Library | Multi-AZ Enabled? | Recovery Time |
---|---|---|
iosredis |
No | 102s |
redis-py-cluster |
No | 57s |
iosredis |
Yes | 338s |
redis-py-cluster |
Yes | 56s |
We are experiencing an increase of over 300% in recovery time when utilizing ioredis
and is over 6x the recovery time of redis-py-cluster
.
Here is the Gist of the two tests executed by the AWS agent, and below is the full correspondence with them.
Please let me know if there is any additional information that can help with resolving the issue, thanks.
In order to test this I reproduced this scenario in the test environment using the following setup :
Client library : ioredis
$ npm list
ec2-user@ /home/ec2-user
└── [email protected]
Created 2 Cluster mode enabled clusters with below configuration :
test-redis-multi-az
===============
Engine version : 4.0.10
Node type : t3.small
multiAZEnabled : true
clusterEnabled": true
test-redis-multi-az-disabled
=======================
Engine version : 4.0.10
Node type : t3.small
multiAZEnabled : false
clusterEnabled": true
Below is the sample io redis program I used : test.js
var Redis = require("ioredis");
var cluster = new Redis.Cluster([{
port: 6379,
host: "<configuration-endpoint>",
maxRedirections : 16,
retryDelayOnFailover : 1000,
}]);
cluster.incr("key1");
cluster.get("key1", function(err, res) {
console.log ('GET RESULT ==>' + res);
process.exit();
});
The test.js code basically increments the key1's value to test write and then read the key1 to test Read operation. I used cluster configuration endpoint during the tests. Then I run while loop to call test.js during the Manual Test Failover for the ElastiCache Redis Cluster
Execute test.js -> while true ; do date ; node test.js ; sleep 1; done
Below are the test results :
IO REDIS -> Failover test
========
test-redis-multi-az -> Time taken to recover -> 5 minutes and 38 seconds
Sat Nov 6 10:02:26 UTC 2021
[ioredis] Unhandled error event: ClusterAllFailedError: Failed to refresh slots cache.
at tryNode (/home/ec2-user/node_modules/ioredis/built/cluster/index.js:396:31)
at /home/ec2-user/node_modules/ioredis/built/cluster/index.js:413:21
at /home/ec2-user/node_modules/ioredis/built/cluster/index.js:671:24
at run (/home/ec2-user/node_modules/ioredis/built/utils/index.js:157:22)
at tryCatcher (/home/ec2-user/node_modules/standard-as-callback/built/utils.js:12:23)

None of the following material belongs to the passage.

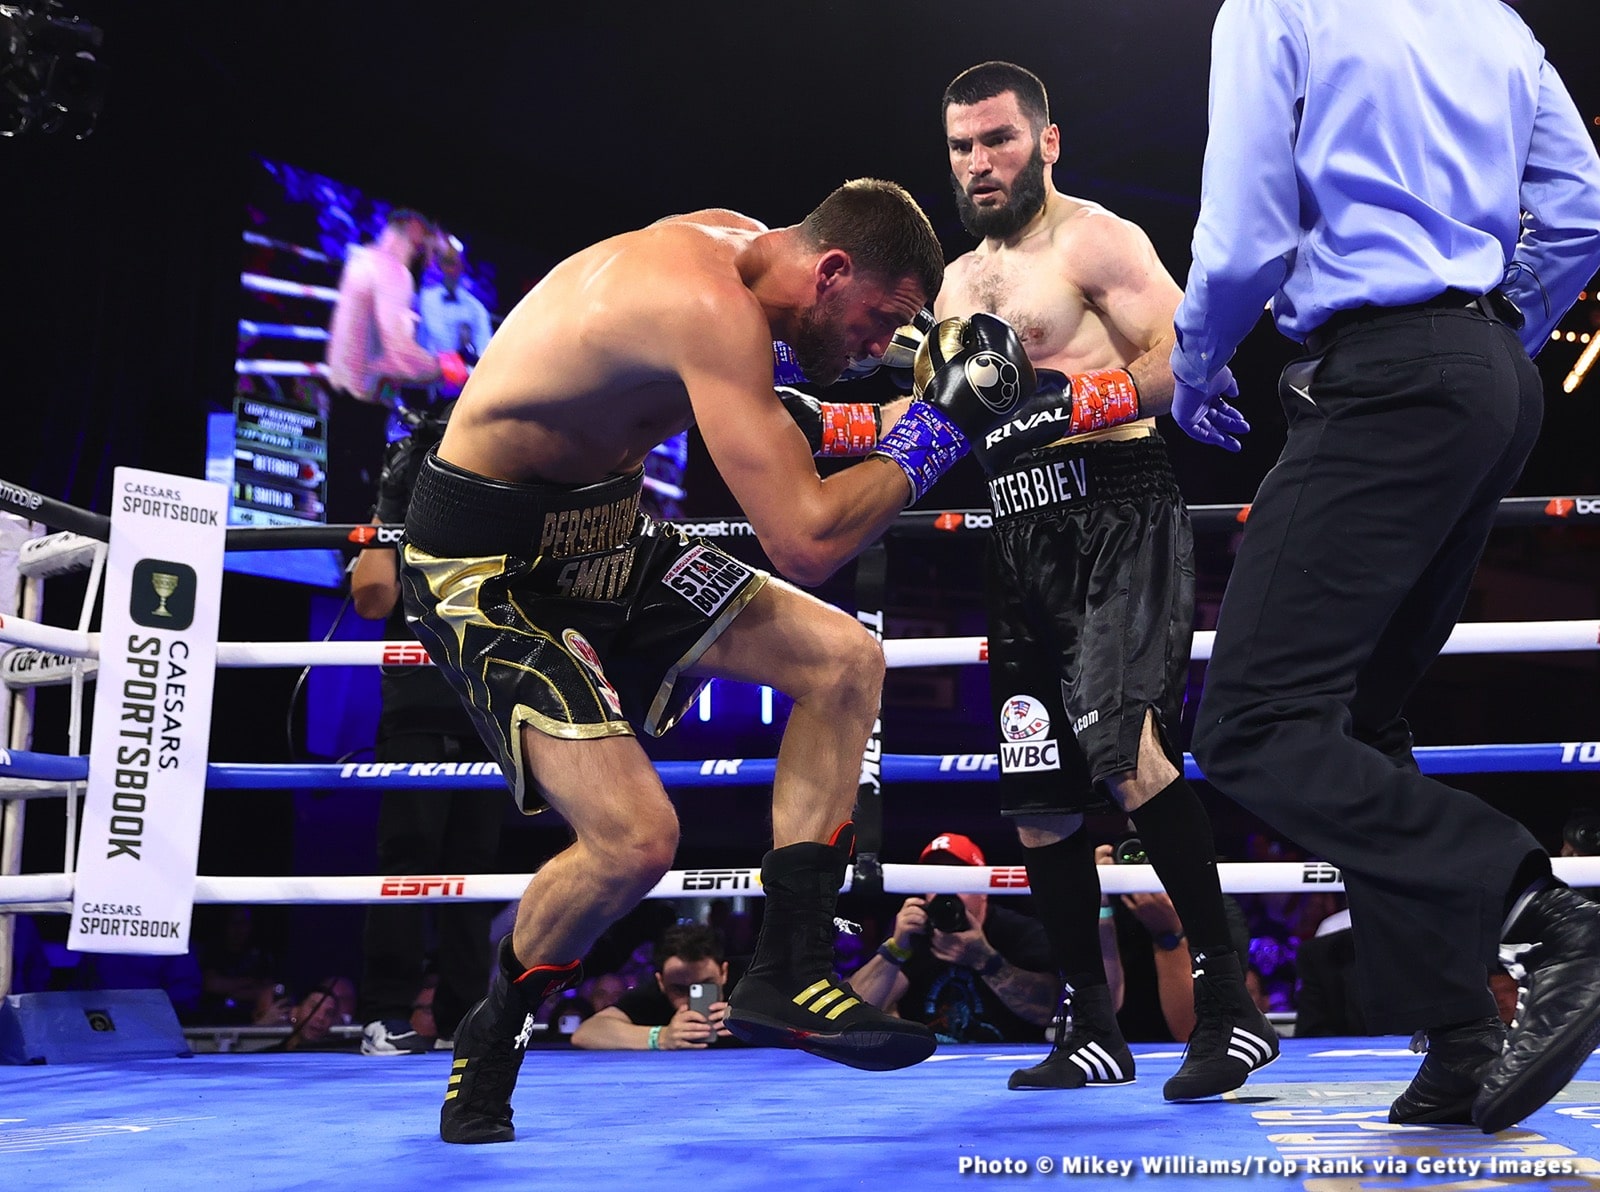 Artur Beterbiev stops Joe Smith Jr by 2nd round knockout - Boxing Results

at /home/ec2-user/node_modules/standard-as-callback/built/index.js:33:51
at processTicksAndRejections (node:internal/process/task_queues:96:5)
Sat Nov 6 10:08:04 UTC 2021
---
test-redis-multi-az-disabled -> Time taken to recover -> 1 minute and 42 seconds
Sat Nov 6 10:15:20 UTC 2021
[ioredis] Unhandled error event: ClusterAllFailedError: Failed to refresh slots cache.
at tryNode (/home/ec2-user/node_modules/ioredis/built/cluster/index.js:396:31)
at /home/ec2-user/node_modules/ioredis/built/cluster/index.js:413:21
at /home/ec2-user/node_modules/ioredis/built/cluster/index.js:671:24
at run (/home/ec2-user/node_modules/ioredis/built/utils/index.js:157:22)
at tryCatcher (/home/ec2-user/node_modules/standard-as-callback/built/utils.js:12:23)
at /home/ec2-user/node_modules/standard-as-callback/built/index.js:33:51
at processTicksAndRejections (node:internal/process/task_queues:96:5)
Sat Nov 6 10:17:02 UTC 2021
The above test concurs with your finding that Cluster mode enabled clusters with multi AZ enabled is taking longer time to recover when we are doing test failover operation however in order to isolate if the issue is specific to IOREDIS client library I tested the same with python library -> RedisCluster however to my surprise the results where completely different.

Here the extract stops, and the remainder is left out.